Я склоняю голову ниже широко раздвинутых колен и жду тяжести и
затекания. Почти сразу приходит успокоение или обычная забывчивость
(кратковременная), но все-таки это пойманное мною мгновение, чем-то
неуловимо застревает во мне. Я берусь за плечи, сложив руки на груди, словно
совершая молебен, и понимаю, что так я, наверное, исполняю положенное мне и
возложенное на меня. Простым этим движением, изгибом тела. Я берусь за
одежду, стискиваю ее в кулаках и намереваюсь стряхнуть с себя это тягостное
наваждение. Меня призывает нечто большее, чем я сам, и чем я руководствуюсь,
совершая некоторые поступки и большинство жестов. Я сын своих родителей и
поэтому обращен к прошлому.
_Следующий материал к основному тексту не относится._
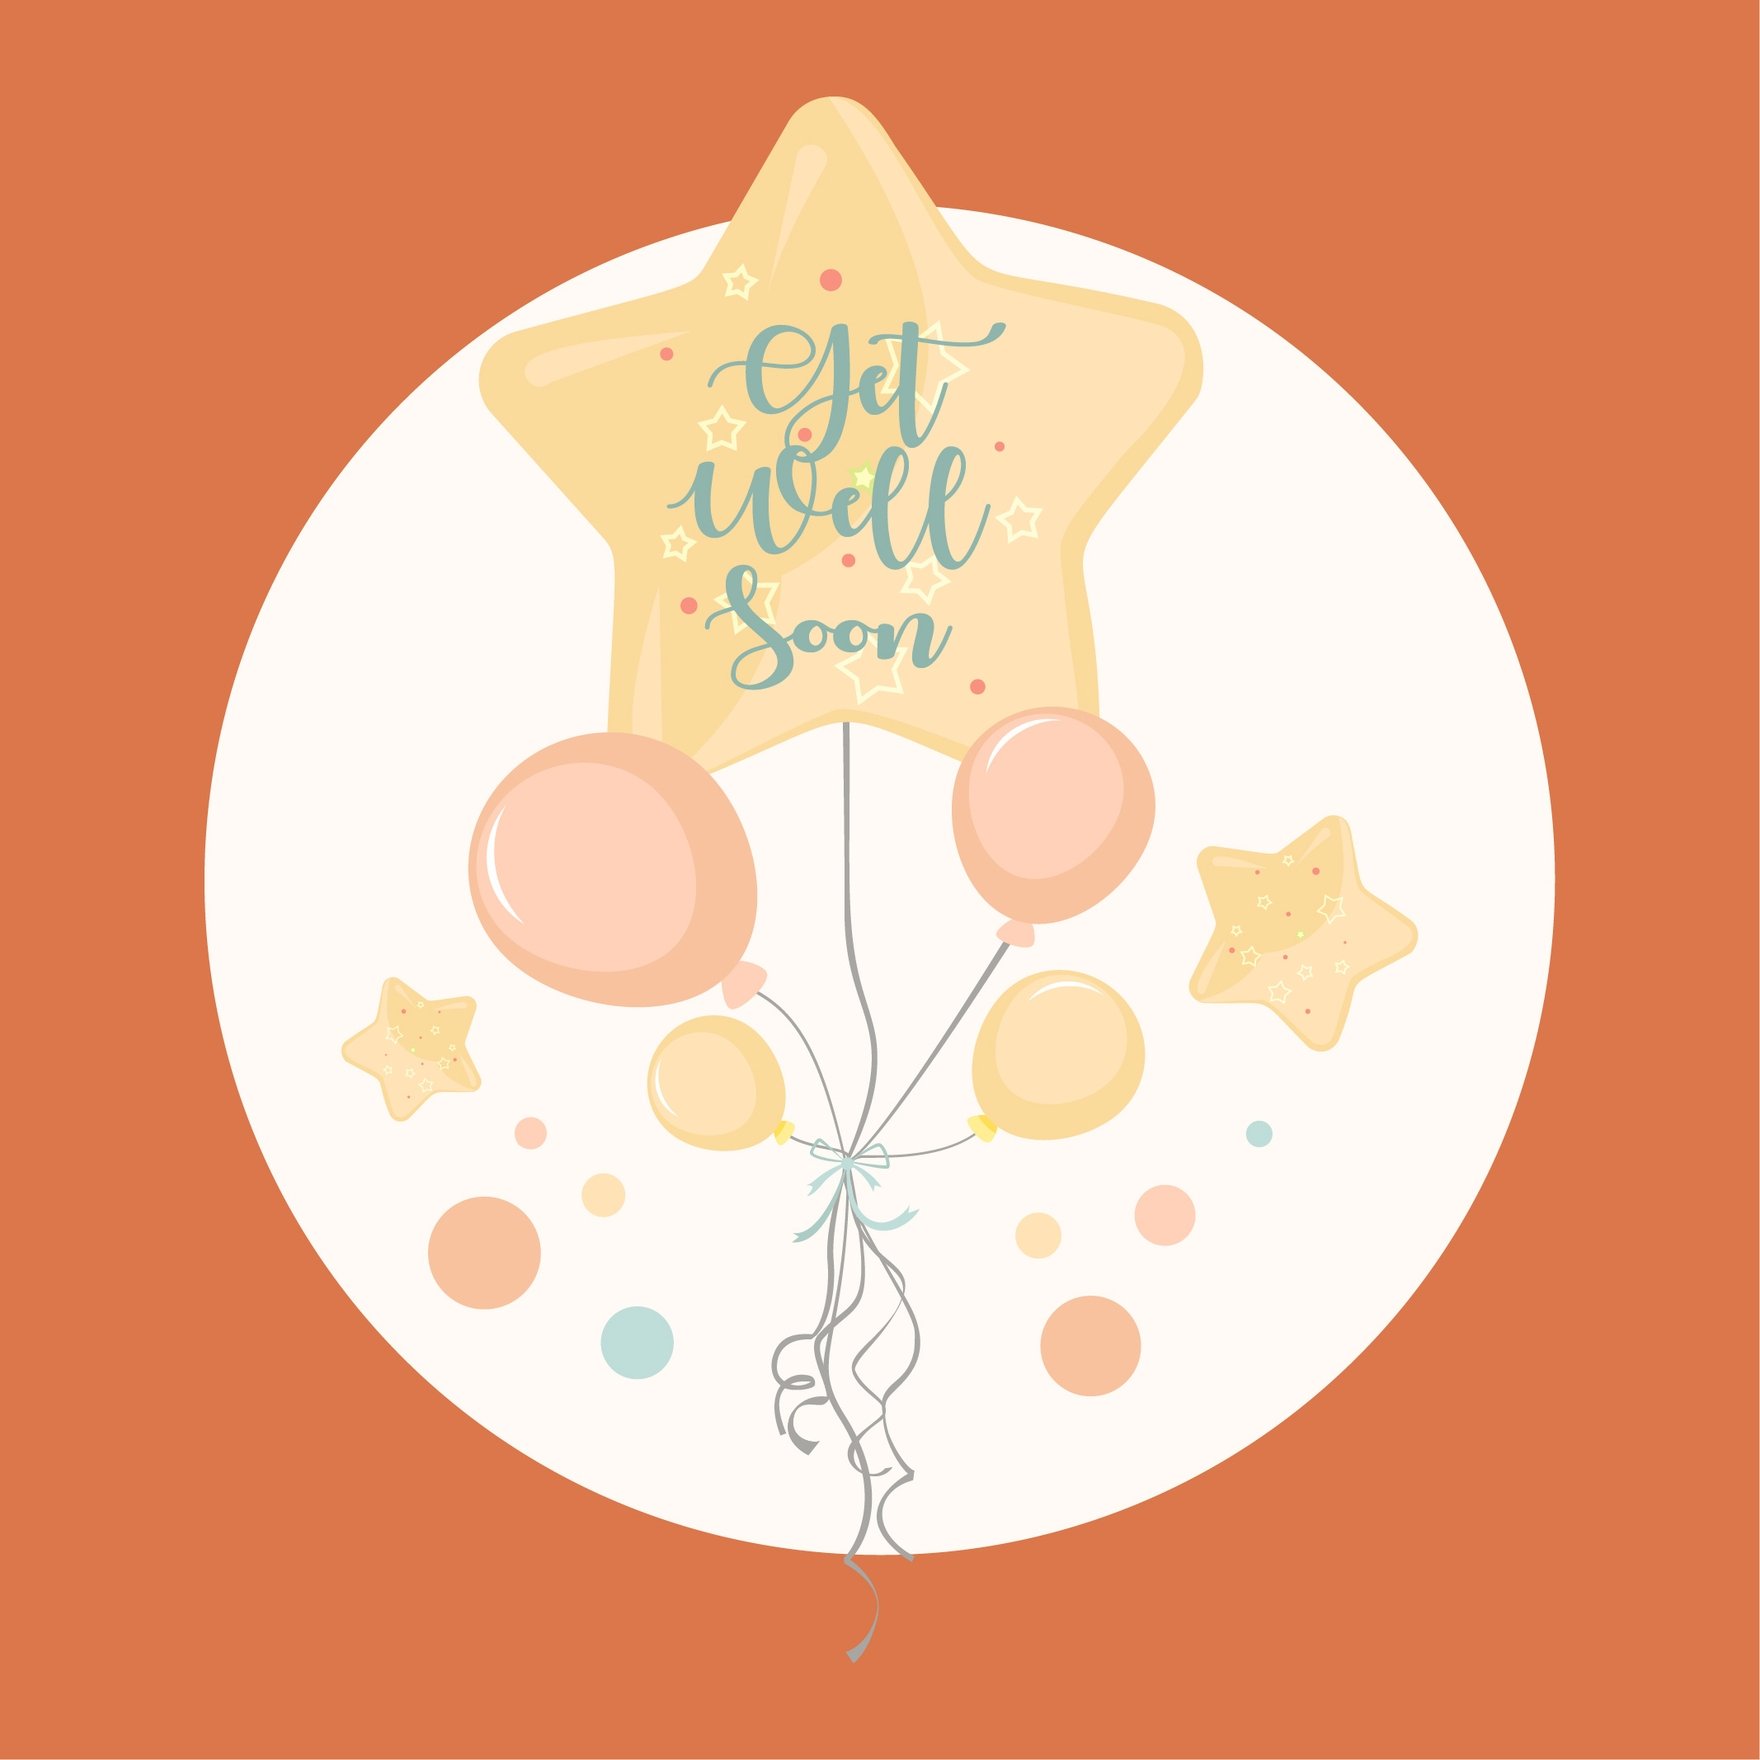 Free Get Well Soon Balloons in Illustrator, EPS, SVG, JPG, PNG
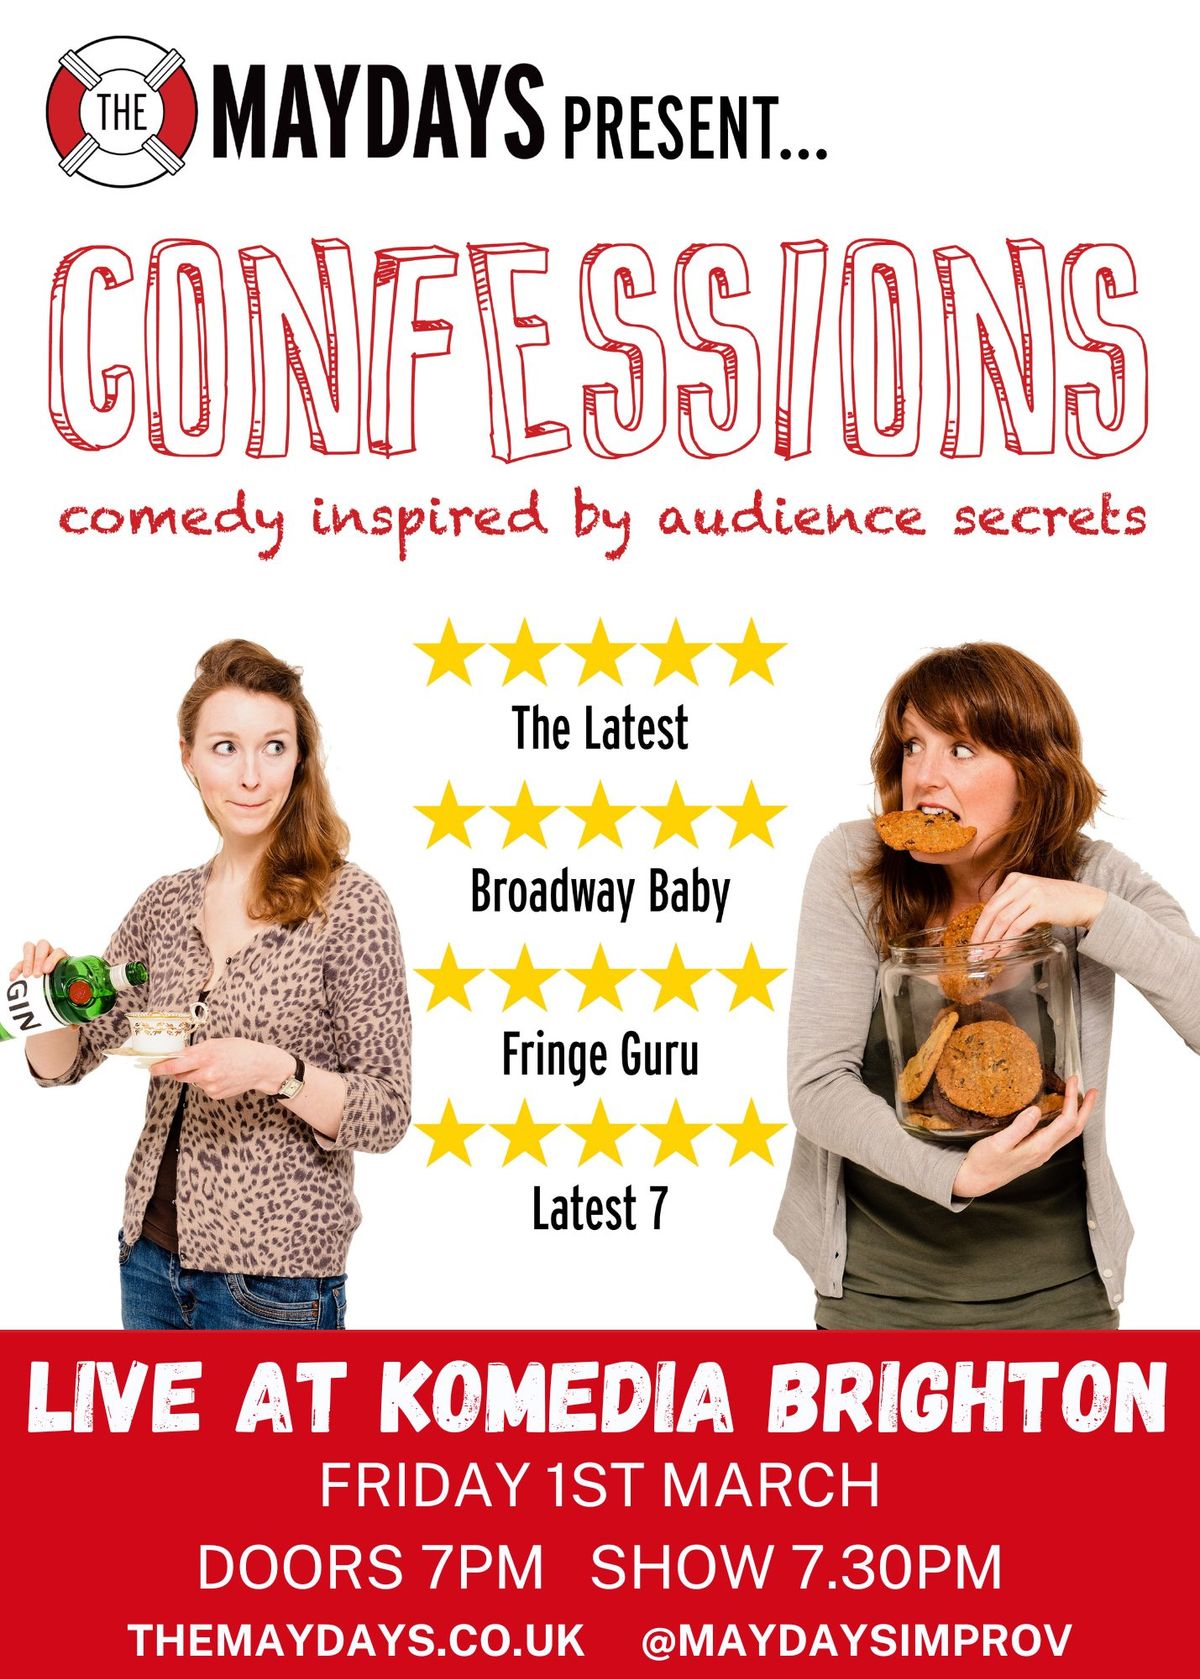 The Maydays present: Confessions

Мне гораздо легче понимать это, чем петлять в
сугубой неясности, основанной на умозрительных теориях или позитивистских
убеждениях и опыте. Мое априори куда глубже! И я понимаю это некими
памятующими участками своего сознания, а не умом и сердцем, как принято
выражаться у доктринеров. Я плачевно далек от этого и мне легко быть таким,
каким я себя ощущаю. В этом - моя ложность, хотя я не берусь направленно
кого-то обманывать. Так я заключил. В этом и предназначение.

57.

Я крепко вытянул ногу, и Лацман грузно упал на локти прямо за стулом.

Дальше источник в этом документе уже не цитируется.